The Case of Chris: How Mentoring in a STEAM Program Supports Undergraduate Learning
Mon, April 8, 12:20 to 1:50pm, Metro Toronto Convention Centre, Floor: 600 Level, Room 606Abstract
This paper presents a qualitative case study of undergraduate mentor learning. Our work is grounded in sociocultural perspectives that emphasize individuals with unique histories interacting to learn as they participate in shared endeavors (Cole, 1996; Herrenkohl & Mertl, 2010; Vygotsky 1987/1934). In STUDIO, we use ways of knowing, doing, and being to describe and analyze the broad learning that takes place. What we mean by knowing and doing is knowledge and practice in mentoring, and being includes concepts such as students’ interests and affective orientations in relation to knowledge, other participants, and students’ future selves. We take a community of learners approach, adapting a reciprocal model of mentoring to create an environment where interest driven learning supports individuals to work together to make new knowledge while creating their community, thereby contributing to sociopolitical change as well as individual change (Politics of Writing, 2017).
This study is situated in STUDIO, a STEAM (Science, technology, engineering, art, and mathematics) after-school program located in a CBO. The CBO and a public university partner to provide broad, informal learning opportunities in STEAM for youths and undergraduate student mentors to contextualize STEM knowledge inside their everyday experiences.
This qualitative case study discusses how one mentor, Chris, developed new ways of knowing, doing, and being over the course of designing and enacting his curriculum called the World Through Food (Anderson-Levitt, 2009). Data include Chris’s written reflections, two semi-structured interviews (at two different points in time), researcher field notes and reflective memos. Thematic coding across data sources informed the development of key areas Chris identified as points of challenge and growth in his account of his own learning.

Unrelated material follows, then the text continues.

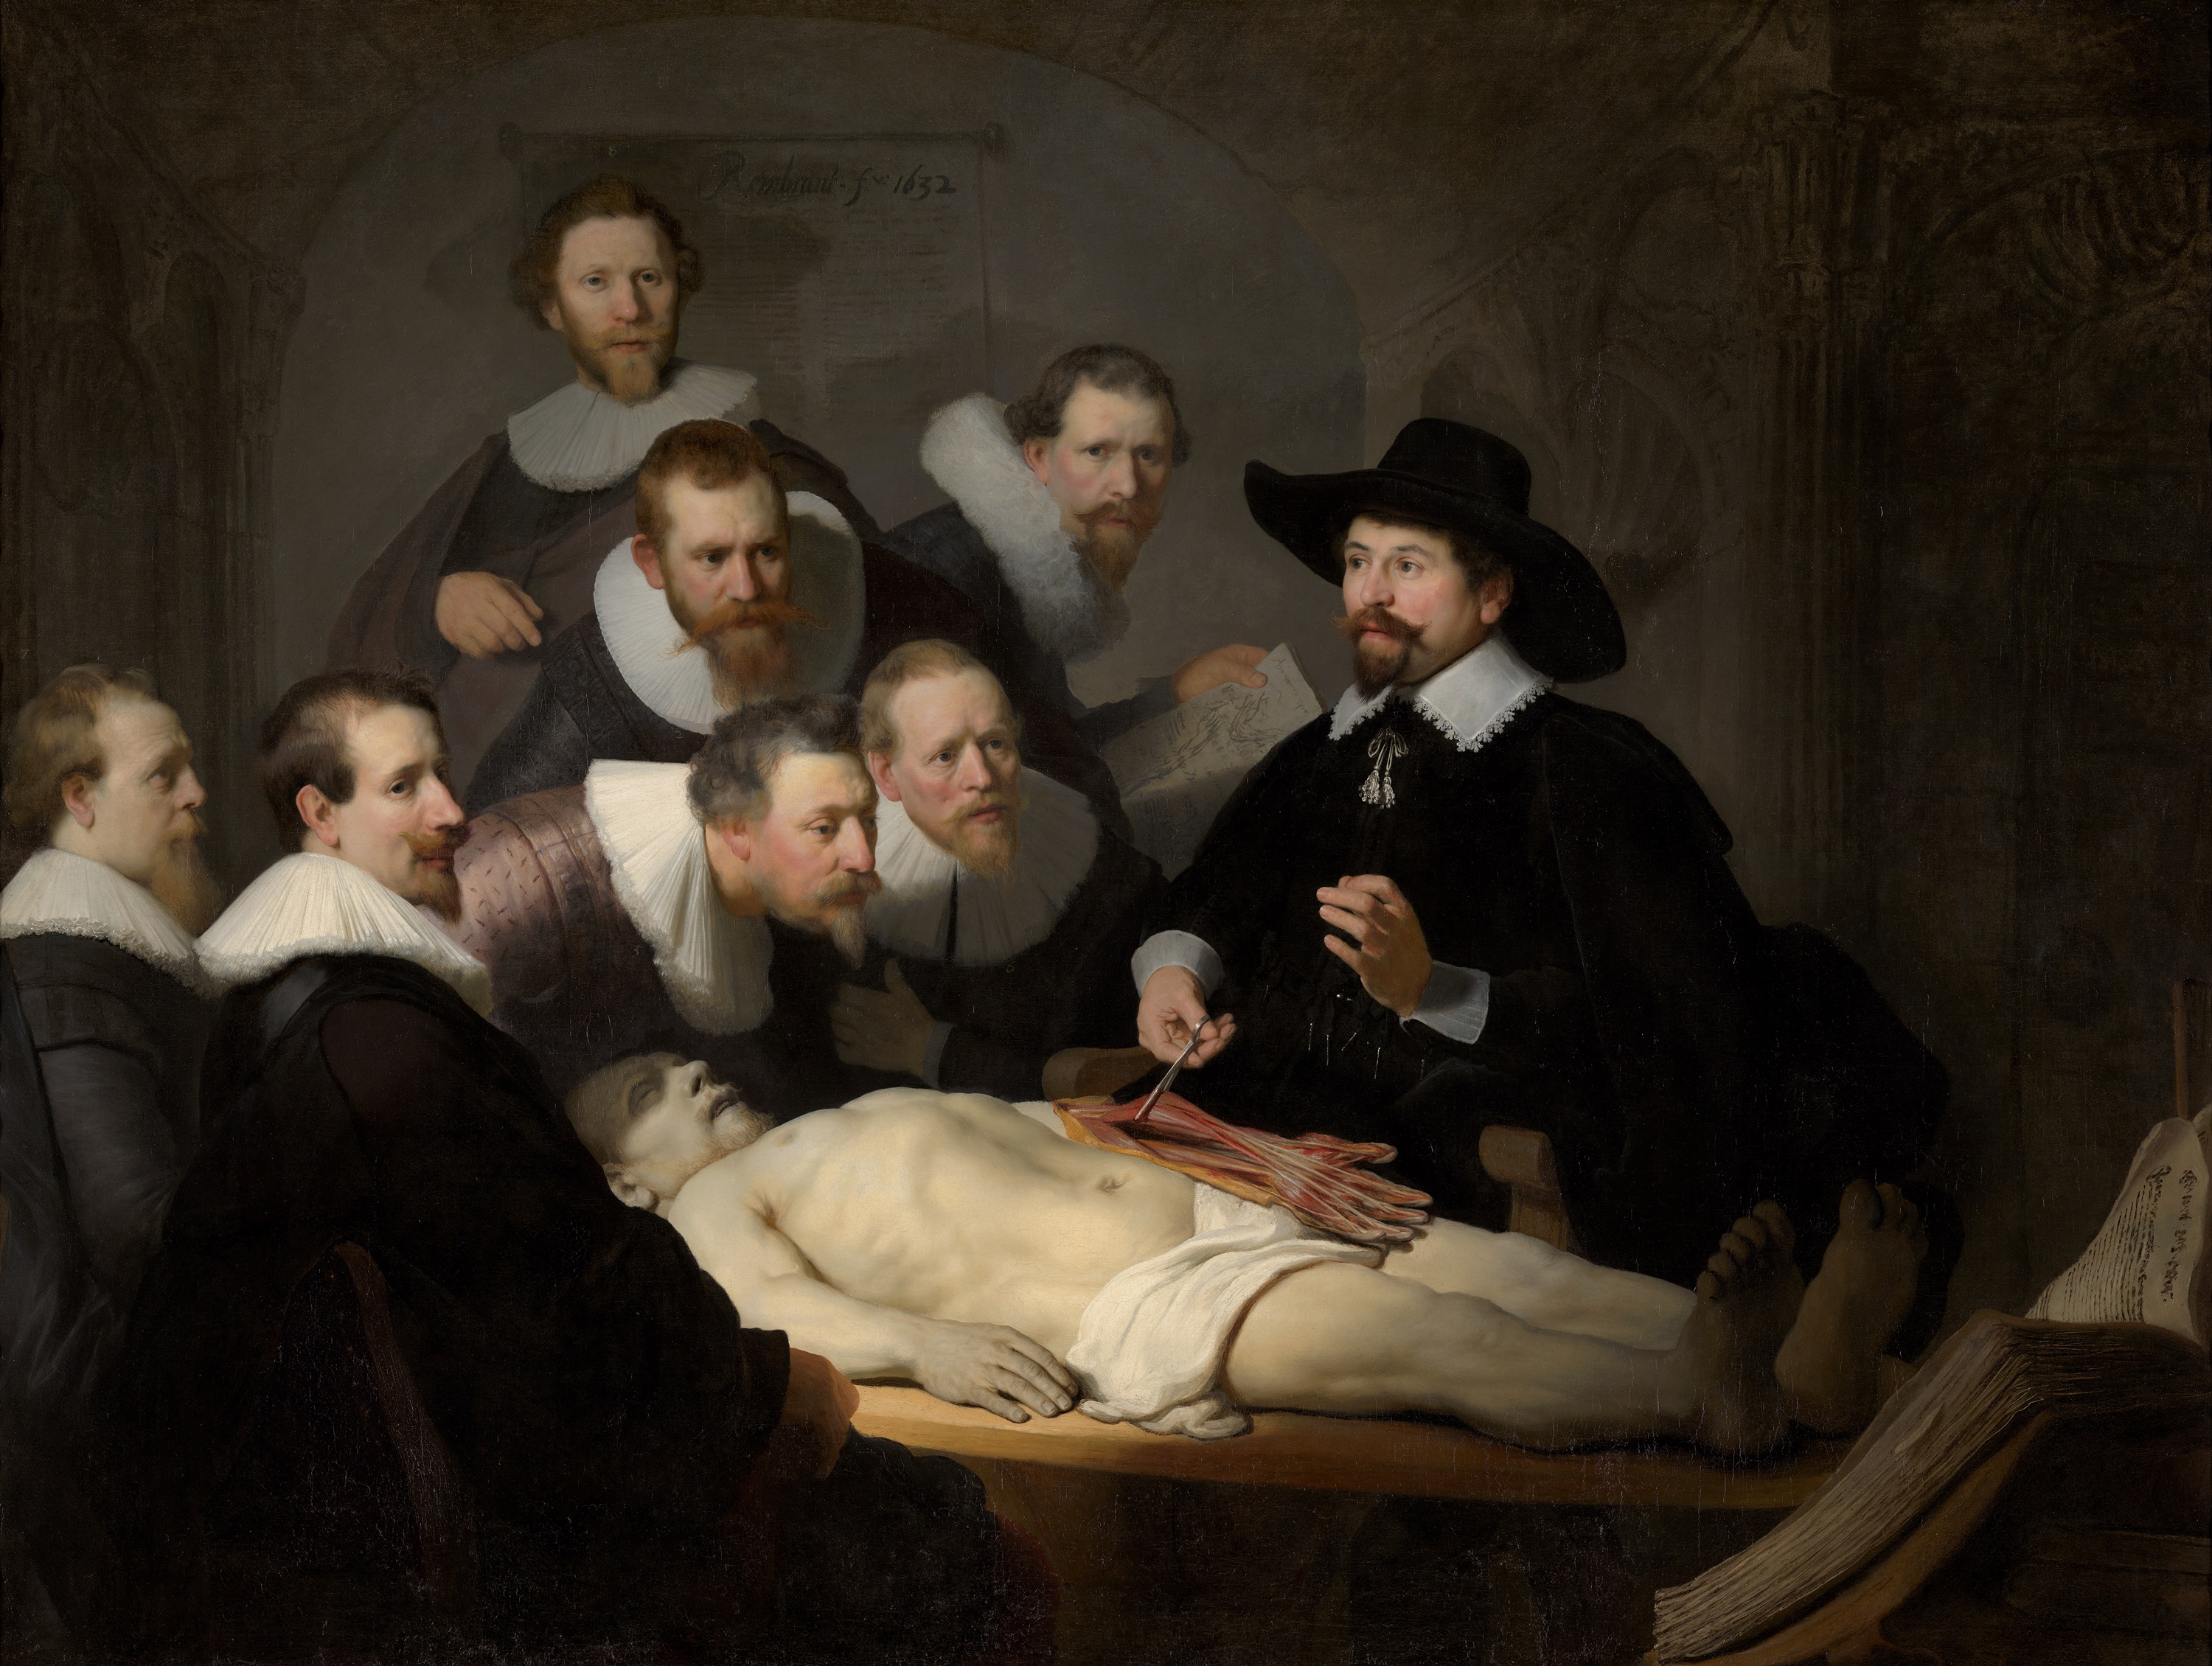 درس التشريح للطبيب نیکولاس تولب by Rembrandt van Rijn - 1632 - 170 x 270 سم 
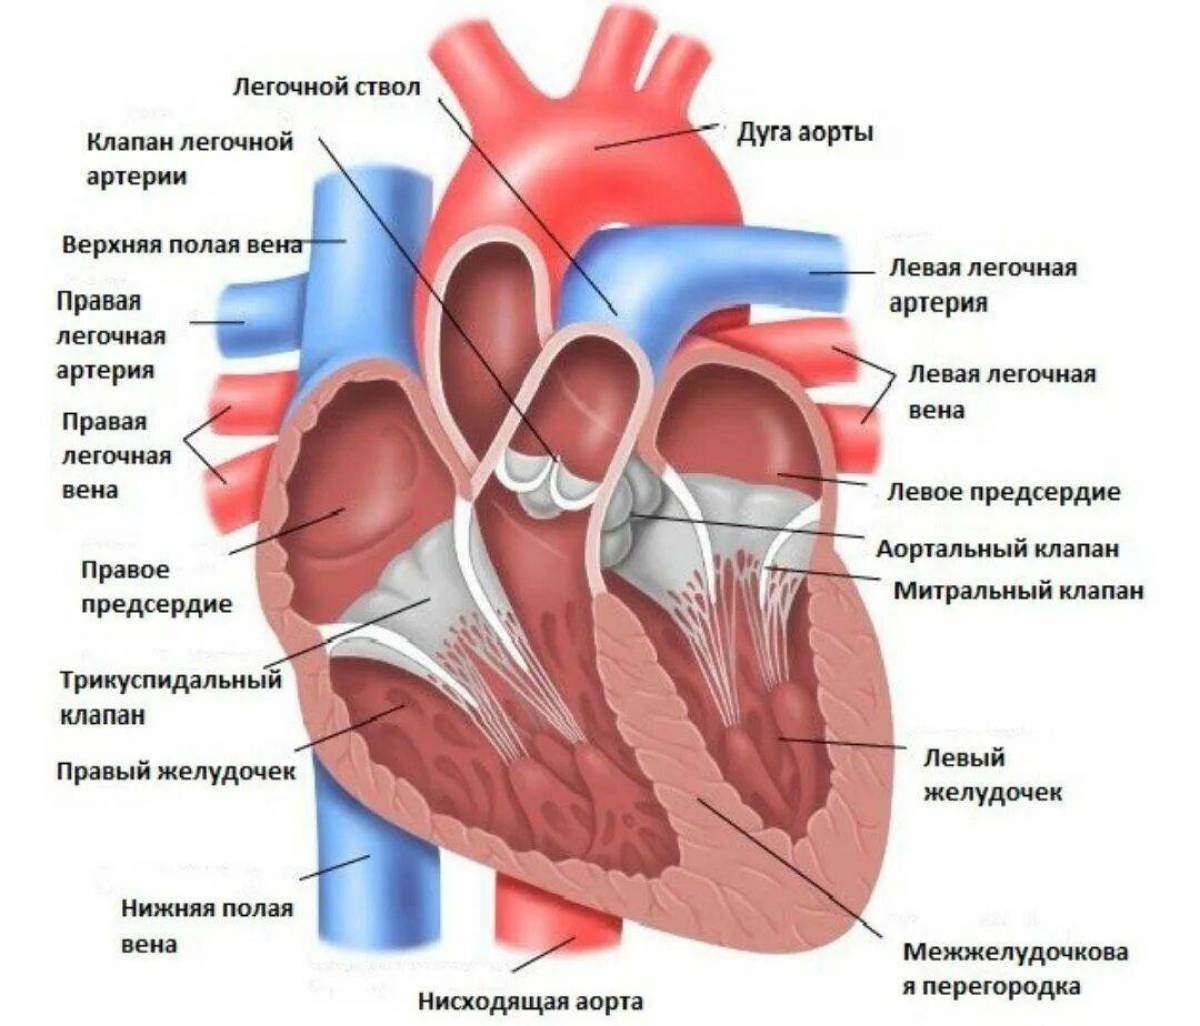 От левого предсердия к легким. Строение сердца анатомия клапан аорты. Полулунный клапан легочного ствола. Отверстия аорты и легочного ствола. Строение левого желудочка сердца анатомия.

Iterations of thematic codes resulted in two broad aspects of Chris’ development in knowing, doing and being. First, designing and facilitating the World through Food lead Chris to redefine the practice of asking questions. He reflected that his questions for the youths were initially centered on his interests and expertise (what he called “pocket questions”) before World Through Food. Through the process of facilitation, his questions became more refined, less rigid, and more responsive to the youths’ immediate thinking and ideas, thereby stimulating new knowledge for youth and for him.
Furthermore, Chris reported using the practice of writing reflections as a tool to expand his own learning across different contexts. Carefully listening and then reflecting about moments when youths shared about their religion helped him to learn about different cultures and people. Beyond STUDIO, he reported using this reflective practice during his experience of shadowing professionals in his field of choice to make sense out of why and how they made certain decisions.
This case study provides a more in-depth example of how an undergraduate student not only becomes knowledgeable in mentoring and furthers his STEM knowledge but also develops as a person who understands the importance of responsive listening, and reflecting about his and others’ knowledge, culture, and religion. It addresses the need for research on undergraduate students’ development as whole people in higher education.